EVER heard the phrase “silly season”? Journalists use it, but never really explain what it means. Well, in yet another world exclusive for the Daily Sport, here’s the silly season laid bare. Basically, for most of the year, reporters depend on politicians to make enough news to fill the pages of their newspapers. They may slag MPs off much of the time, but the poor dears are lost when Parliament isn’t sitting. That’s why, over the summer, you’ll find so many prominent stories which wouldn’t even make the news the rest of the year. Some of them are simply trivial, others are plain silly. Hey presto! Welcome to the silly season. A good example is the coverage which the small Spanish town of Bunol got on Wednesday. They had a festival called La Tomatina, where they all throw tomatoes at each other! Nearly 140 tons were thrown during the “veg out”. There were no winners—but a lot of red faces and rivers of juice. Now, I ask you, would this be news at other times of the year? Of course not! But, when the politicians are away from Parliament, the media gets desperate and reports stories like this. Am I guilty of the same desperation? Not a bit of it! The reason I’m telling you about it is because I have an idea. We could do this in London’s Parliament Square. All the politicians could throw tomatoes at journalists on the first day of the new Parliamentary session. That would be very good indeed for Commons morale. And, to give it a political dimension, Nicole Ford could oversee proceedings, dressed only in fruit and veg. This could cause the usual outrage among conservative elements, but it would massively big-up healthy eating. Department of Health take note.
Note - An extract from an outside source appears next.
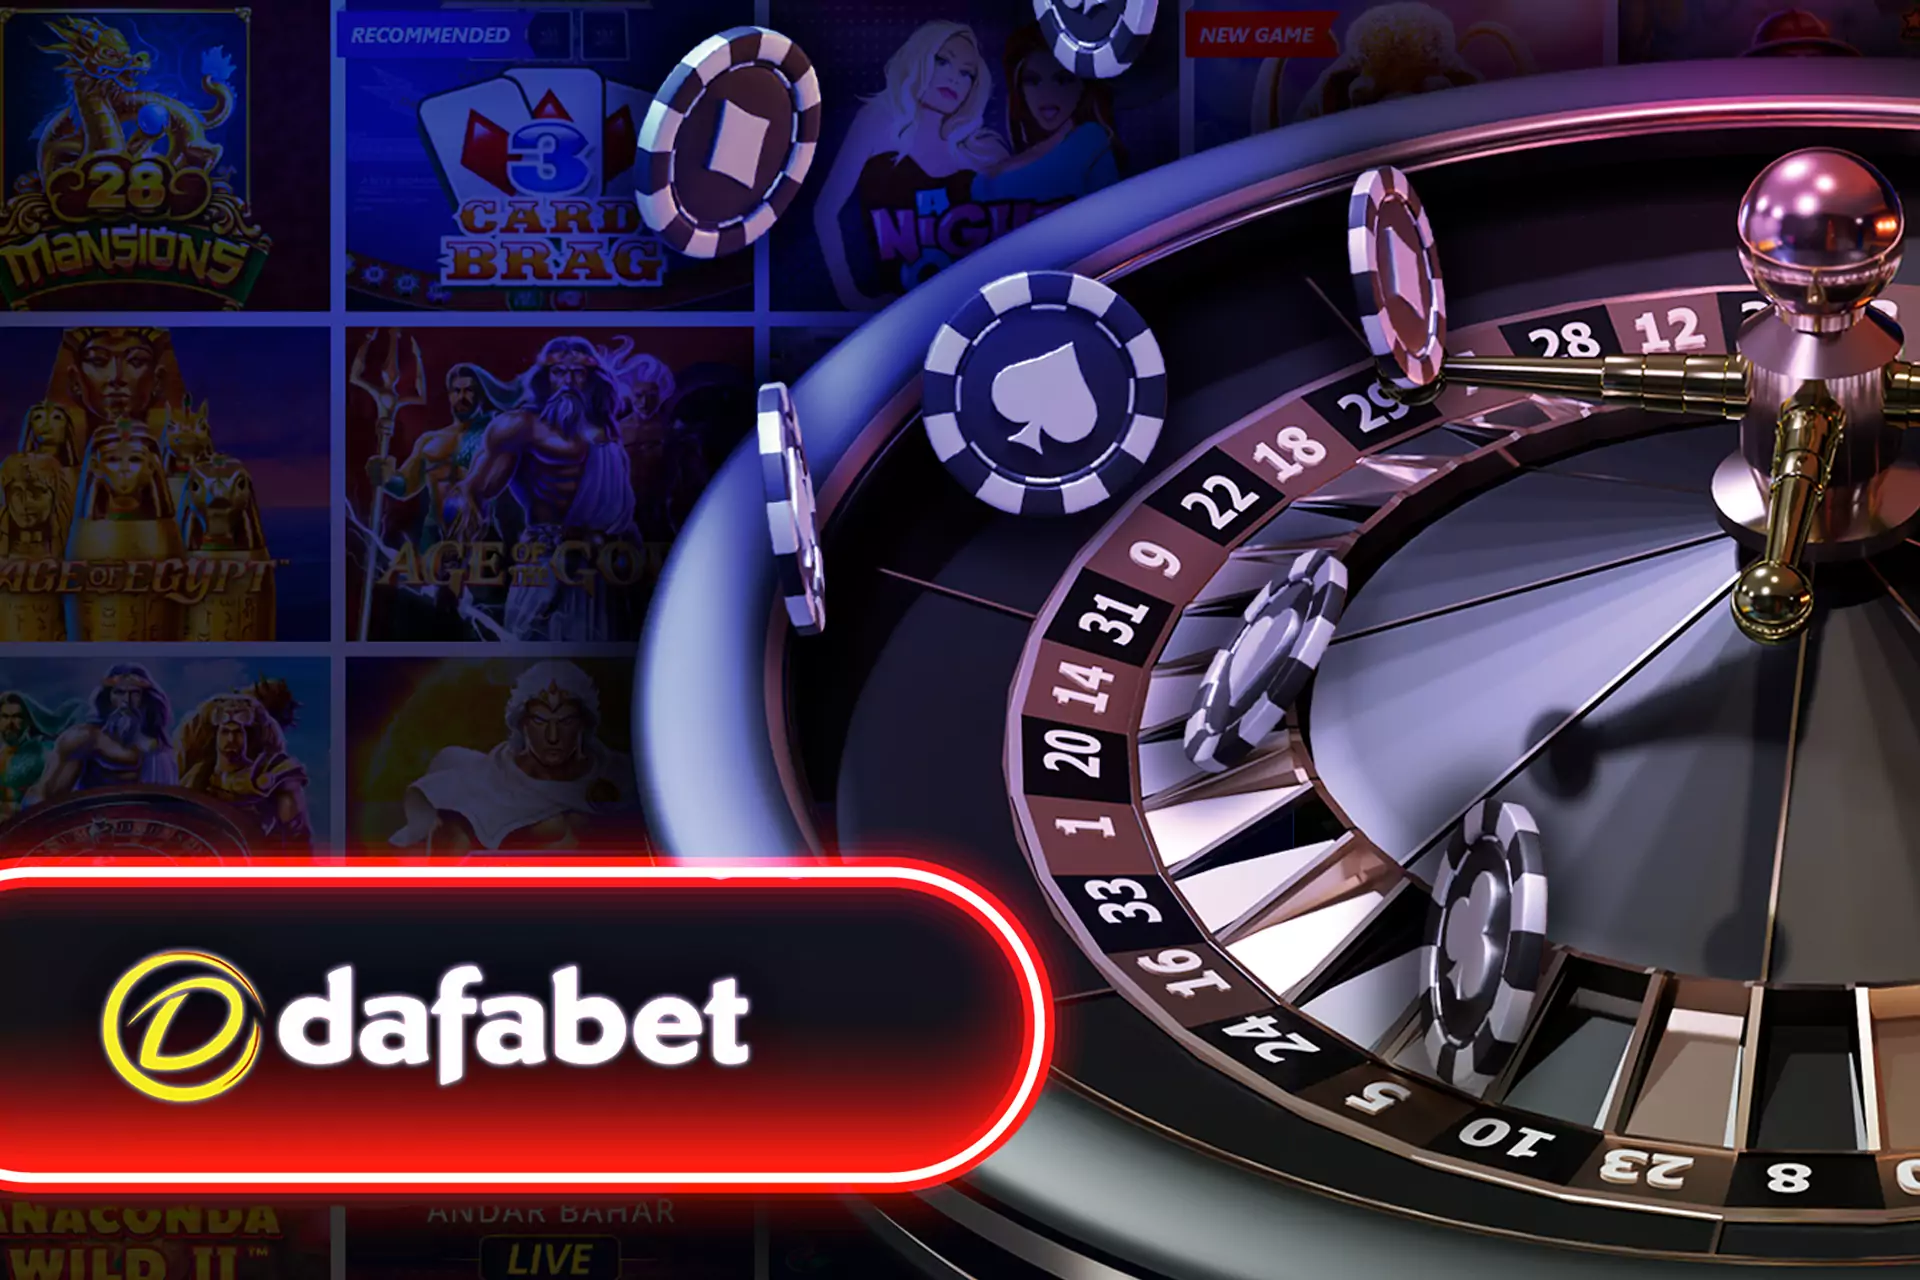 To get the welcome bonus from Dafabet, you have to make the first deposit.

I NOTICE the British Empire has just seen a bit of a comeback. Although the days of running around in funny hats, imposing oppressive laws and beating up “the natives” have passed, the UK still has a few colonies scattered about. But it’s not cool to call them colonies any more. So instead they’re known as “overseas territories” which obviously fools everyone. Most are little islands in the Atlantic and the Caribbean. They mainly rule themselves on a day-to-day basis. Occasionally the UK government checks up on them, plays the national anthem, hoists up the Union Flag and then wanders off again. But the other week the government spotted a bit of foul play on the Turks and Caicos Islands, a UK colony –– I mean overseas territory –– in the Caribbean. They realised that sneaky local politicians had been flogging off crown lands to line their own pockets. So they shut down the local assembly and will be exercising “direct rule” there until 2012. It’s a risky business. Kicking out elected politicians and ruling a country from 4,000 miles away isn’t terribly easy. Then again, things could be much more serious –– if the government decides to impose direct rule on Britain’s former colonies as well they’ll be invading America next!
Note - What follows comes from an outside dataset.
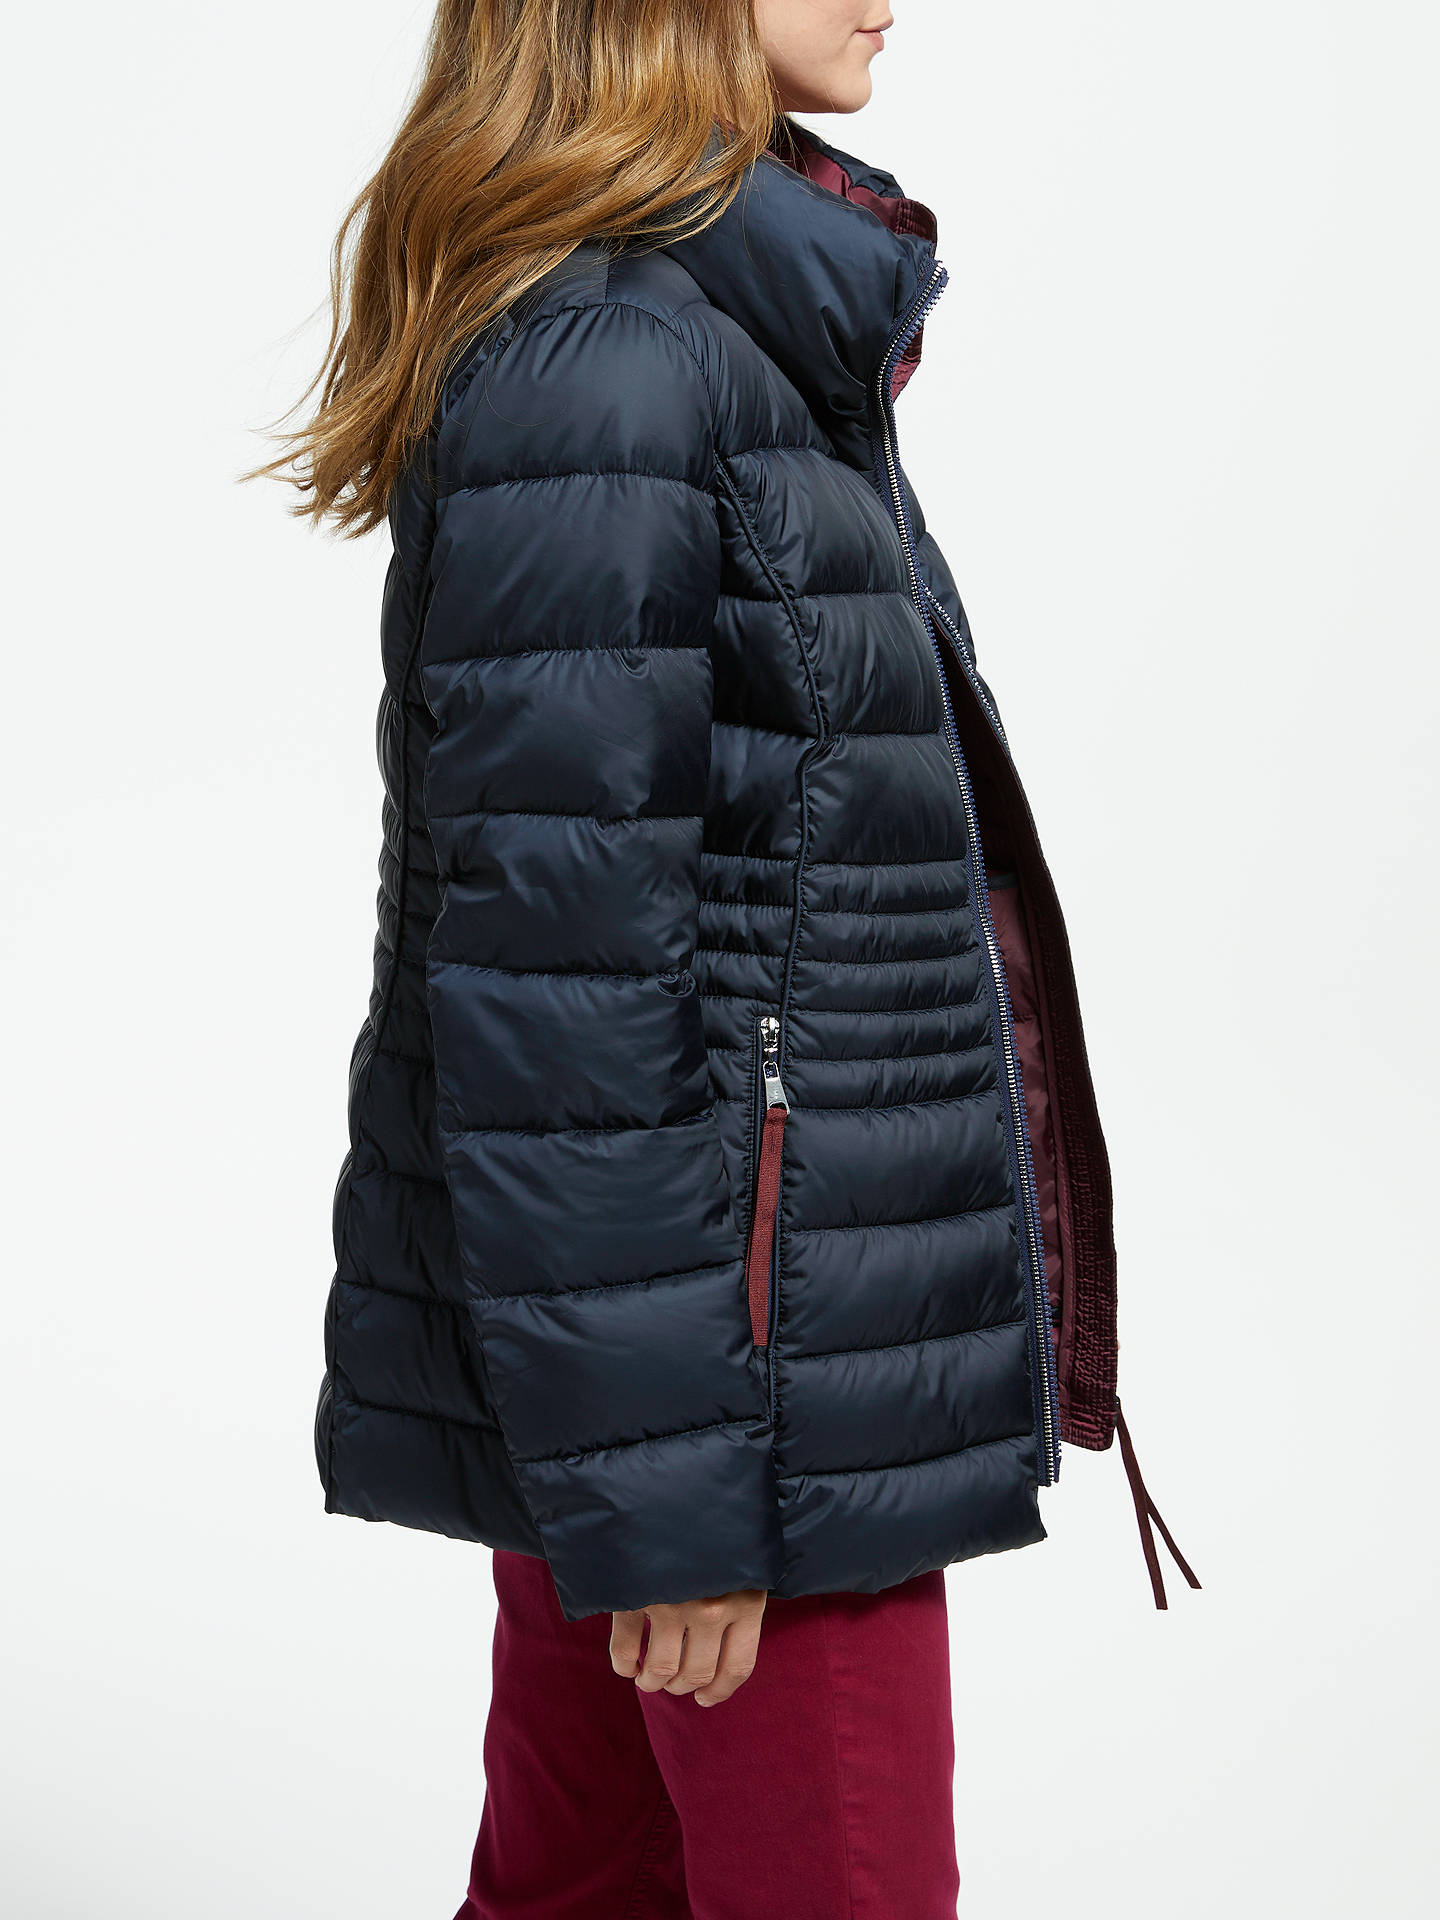 Gerry Weber Quilted Jacket at John Lewis & Partners

PIRATES could soon be in power in the UK! But they’re not the swashbuckling Johnny Depp-type –– or even our uzi-wielding chums from the Somali coast. I’m talking about the Pirate Party –– the Swedish outfit who campaign for free file-sharing online. They’re fed up of big fees being charged for music downloads, copyright being slapped on YouTube videos and internet usage being tracked. They won a couple of seats in Brussels and are now planning on standing in the UK general election next year. These buccaneers shouldn’t be underestimated. They’ve got a big supporter base of mostly young people. I can see problems with making everything free as composers and writers would lose out. But the pirates have a point. Until we take a more reasonable approach to tracking internet usage and copyright questions there may well be a case to say: “Yo-ho, me hearties!”
LOOKING forward to the weekend? I guess you’re gearing up for a night of clubbing with the lads, a few pints down the boozer or a takeaway with the missus. But Friday night isn’t the start of the weekend for everyone. Take Algerians –– they work Saturday and Sunday but have Thursday and Friday off. Recently, however, Algeria’s government has decided to move the weekend because it’s cocking up their economy. You see, most of the country’s North African neighbours have their weekend on Friday and Saturday. So when people frantically call the Algerians on a Thursday, there’s nobody in the office because they’re off chilling out on the beach. A recent study showed their choice of weekend is costing Algeria a whopping £420 million in lost business every year! That’s why the government is shifting the weekend to one day later. I’m pretty sure the UK won’t be changing our weekend anytime soon, though. After all, just think of the effort it would take for TGI Friday to change all their signs!